EDUC 446 Provocation Post #1

Reflecting on the trauma of Residential Schools

Provocation: Residential school classrooms, in a ‘systematic and rigid fashion’, broke the family ties of Indigenous peoples and eliminating their culture and language.  They were an instrument of shame and discounted the life experiences of the Indigenous children.  Ultimately, these classrooms were places of genocide.

Residential schools violated indigenous children, their families, and entire communities.  In this week’s reading, “From Home to School”, out of Celia Haig-Brown’s Resistance and Renewal – Surviving the Indian Residential School (2002), one clearly sees that residential schools were a tool of the colonial government and the Church, set up to eradicate Indigenous culture by removing and alienating its most important gift: its children.  For indigenous children, residential school classrooms were not intended to be safe places to learn and grow.  Rather, they were intended to systematically strip Indigenous children of their language, values, and beliefs; their ways of being, learning, and knowing. 

The many relationships and responsibilities that indigenous children had, within their homes and communities, were not valued or respected in these schools as they did not align with Eurocentric norms, values, and beliefs.  Indigenous children were shown zero respect and there was absolutely no space in the educational framework for reciprocity, relevance, reverence, or reflexivity, only blind obedience to European ways and harsh discipline for those who did not obey and/or strayed.  Indigenous children had brought with them many important capabilities and capacities (life/survival skills, independence, relationality to family and the land, patience, giving, spirituality), but these were not valued at school or in the classroom because they were not the same values of the European, colonial society.

What a different history there could have been had residential schools not been founded on the principles of European superiority and Indigenous inferiority, but rather on the Nine R’s offered to us by today’s Indigenous scholars: respect, relationships, responsibilities, reciprocity, relevance, reverence, reclamation, reconciliation, or reflexivity.  In deep contrast to residential school classrooms, these classrooms include ALL children and treat them equitably.  Diversity is embraced and ALL children, regardless of race or ethnicity, share a culturally safe space and are given a voice, feel valued, and are respected.  Relationships are essential among students, teachers, caregivers, and the wider community; all are valued stakeholders in building capacity and contributing to learning.

Students are responsible for their learning and are given the space to learn and make mistakes, knowing they have the support and guidance of teachers and fellow learners.  These classrooms are reciprocal, there is always a two-way street of teaching and learning and what happens within their walls is relevant—historically, culturally and spatially.  Reverence is given to the land and, individually and collectively, the classroom works towards reclamation and reconciliation—recognizing the truth, acknowledging that what was done in the past was wrong, why it was wrong, and then focusing on what needs to be done to heal and mend those wrongs.
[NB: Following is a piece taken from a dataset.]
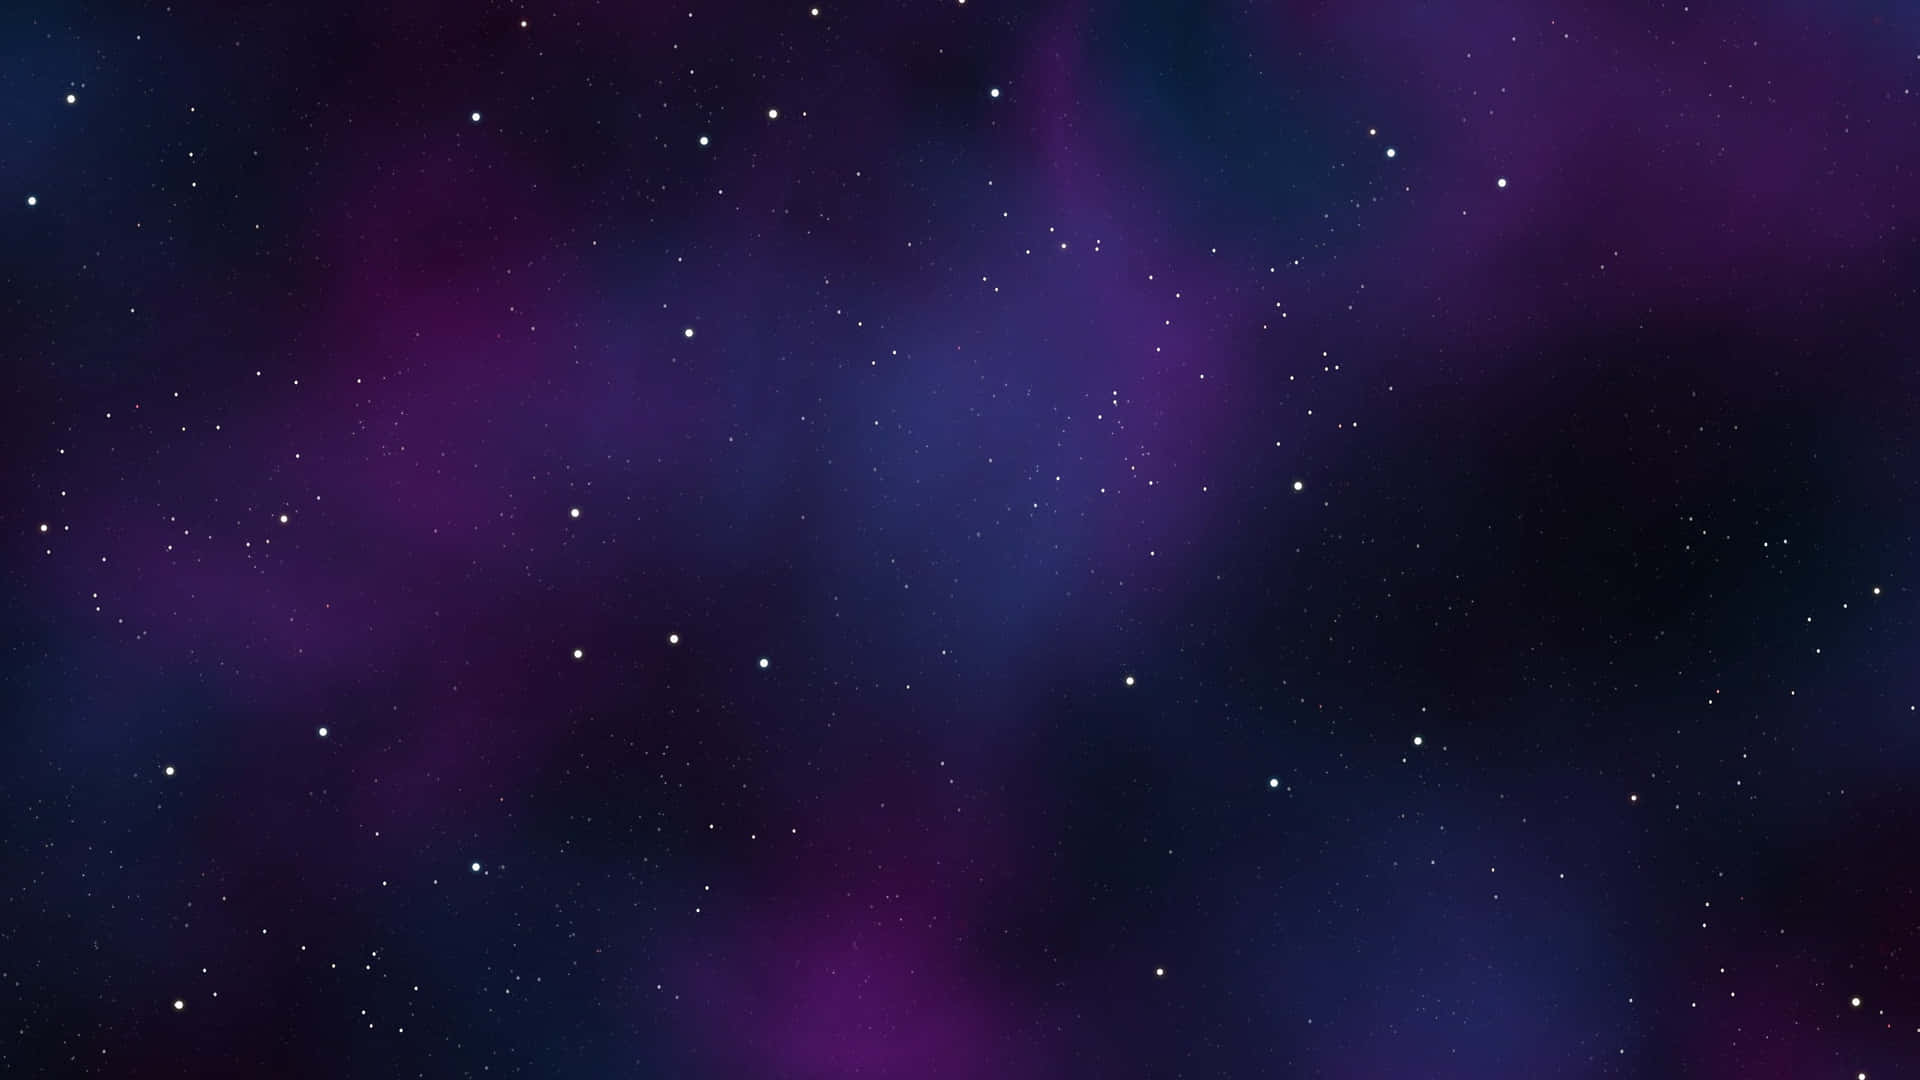 "A breathtaking view of a dark and mysterious black and purple galaxy" Wallpaper

In these classrooms, reflexivity is taught and practiced.  Students are aware of difference, but rather than condemn it, they celebrate and respect it.  Students, teachers, and all stakeholders learn from, and teach, one another.  This is what we, as future teachers, must embrace in order to transform our classrooms into places of Truth and Reconciliation; into places that assist the healing of generational trauma, which continues to weave through the fabric of indigenous children as a direct result of residential schools.